Review

Timber Timbre

Hot Dreams

Full Time Hobby • 2014

This is what blues sounds like, when its emotional fervency has made room for a kind of cranky tiredness. On their fifth studio-record, the Canadian band Timber Timbre keep showing us their very own version of African-American folk music. The guitars often sound as if they’ve been stolen from some creepy granny’s attic, and the grindy sound of an organ does its share in making this blues stumble into our room, drunk of mystical occultism. This is the sound to which a washed-up devil sits down at a trucker-bar, drinks one too many beer and then dances a tipsy waltz with the barmaid in the dim light of an old disco-ball.

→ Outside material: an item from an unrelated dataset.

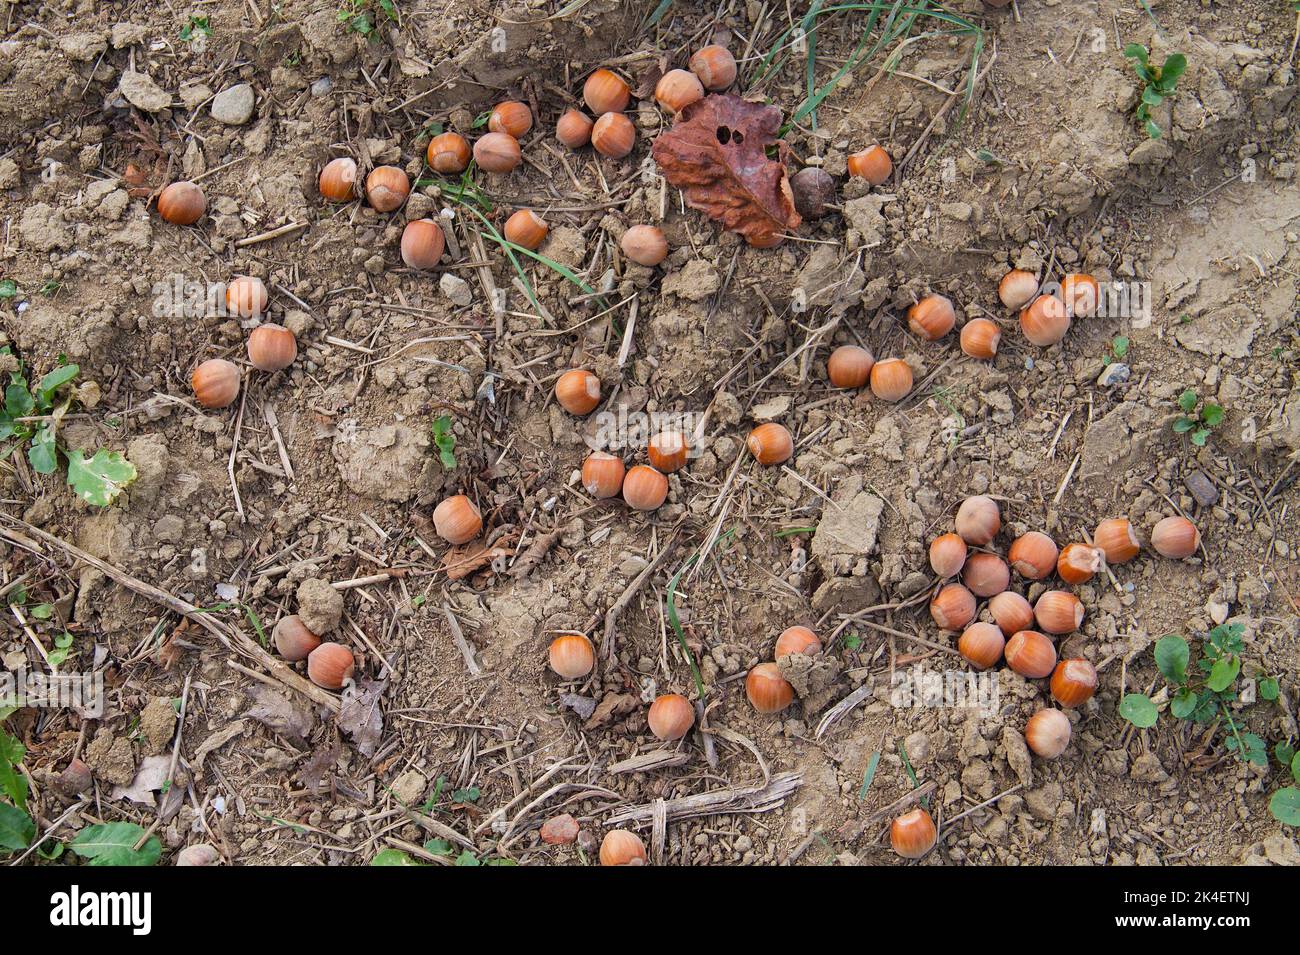 Ripe hazelnuts fallen from trees in a hazelnut orchard Stock Photo
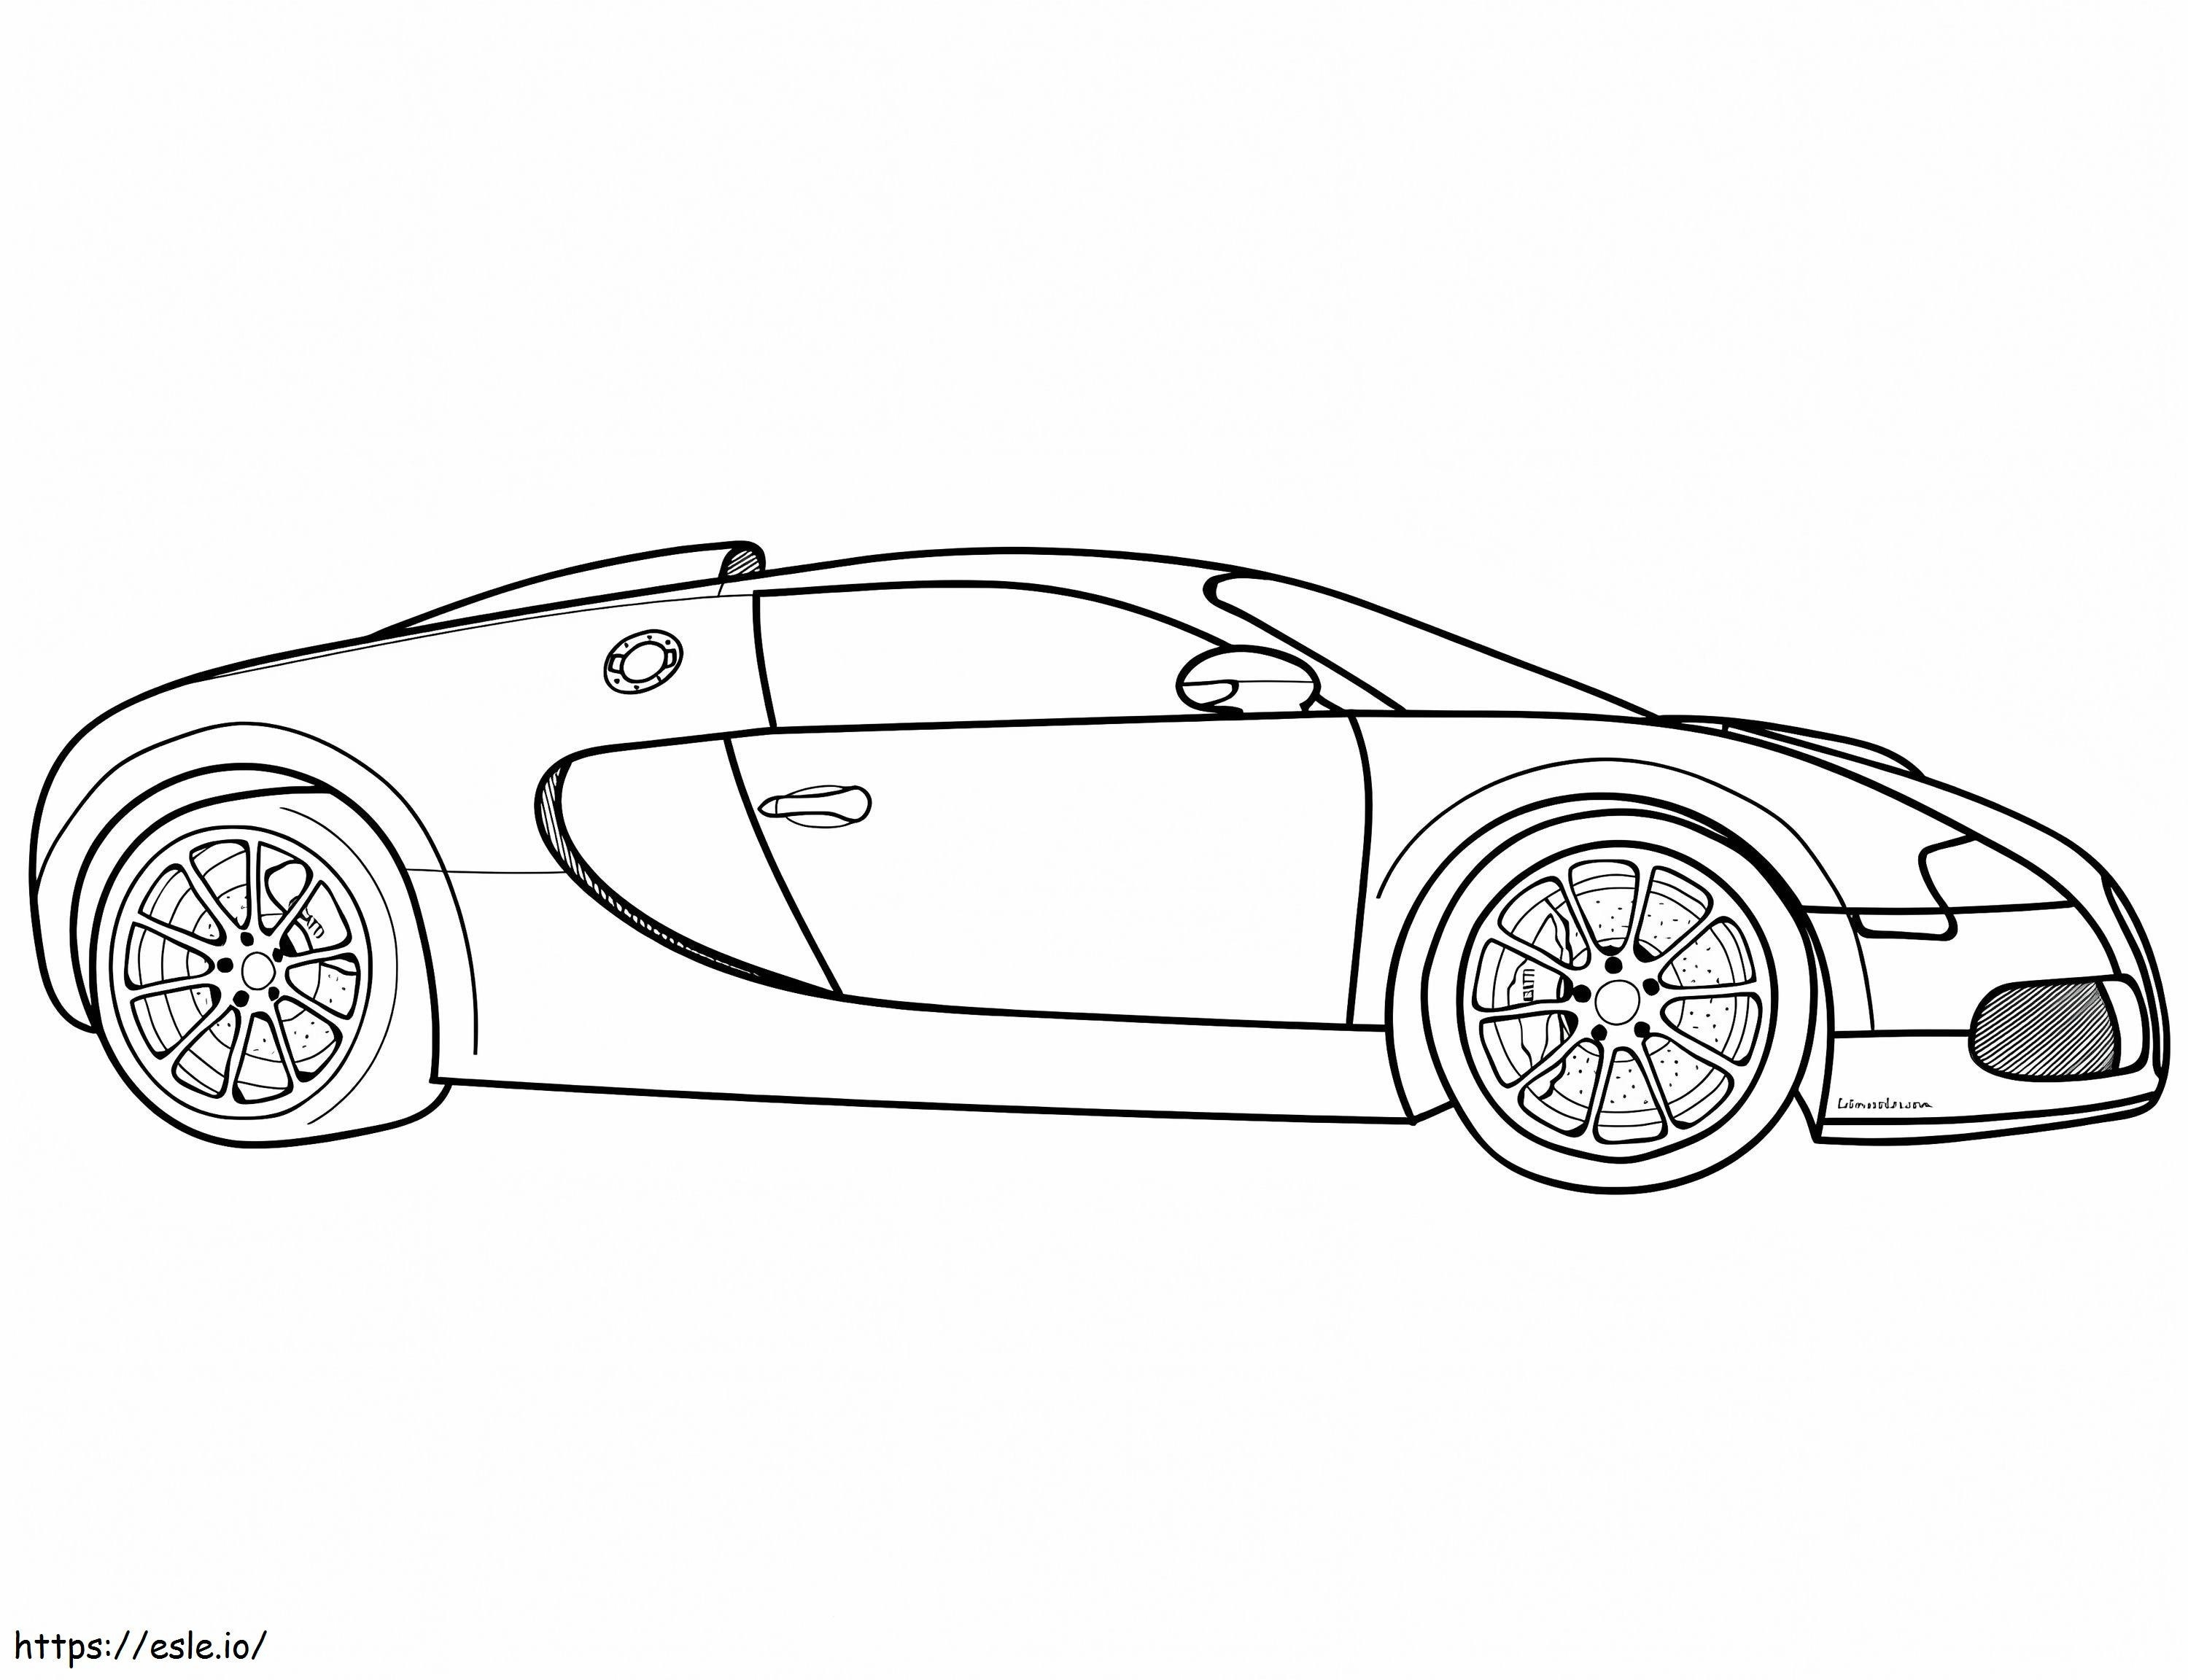 Samochód Bugatti 1 kolorowanka

Timber Timbre present their music in such a casual – and seemingly uninterested – manner that its instrumentation (consisting of saxophones and other toys from the soft-porn-box) never drifts off into glamorous or kitschy spheres. Even when the instruments join together in order to have a go at great emotions, the album does not leave its dreamy path between the worlds. This is mostly due to Taylor Kirk’s unmistakable voice, which hovers above the music uncontrolledly, yet with somnambulistic reliability in its rhythm; like a drunkard stumbling across a funfair. It’s a record that keeps creating images of a neon-light room filled with smoke. Whatever else it does: Everyone can turn into a disillusioned whiskey drinker when listening to »Hot Dreams«, be it only for one record-length.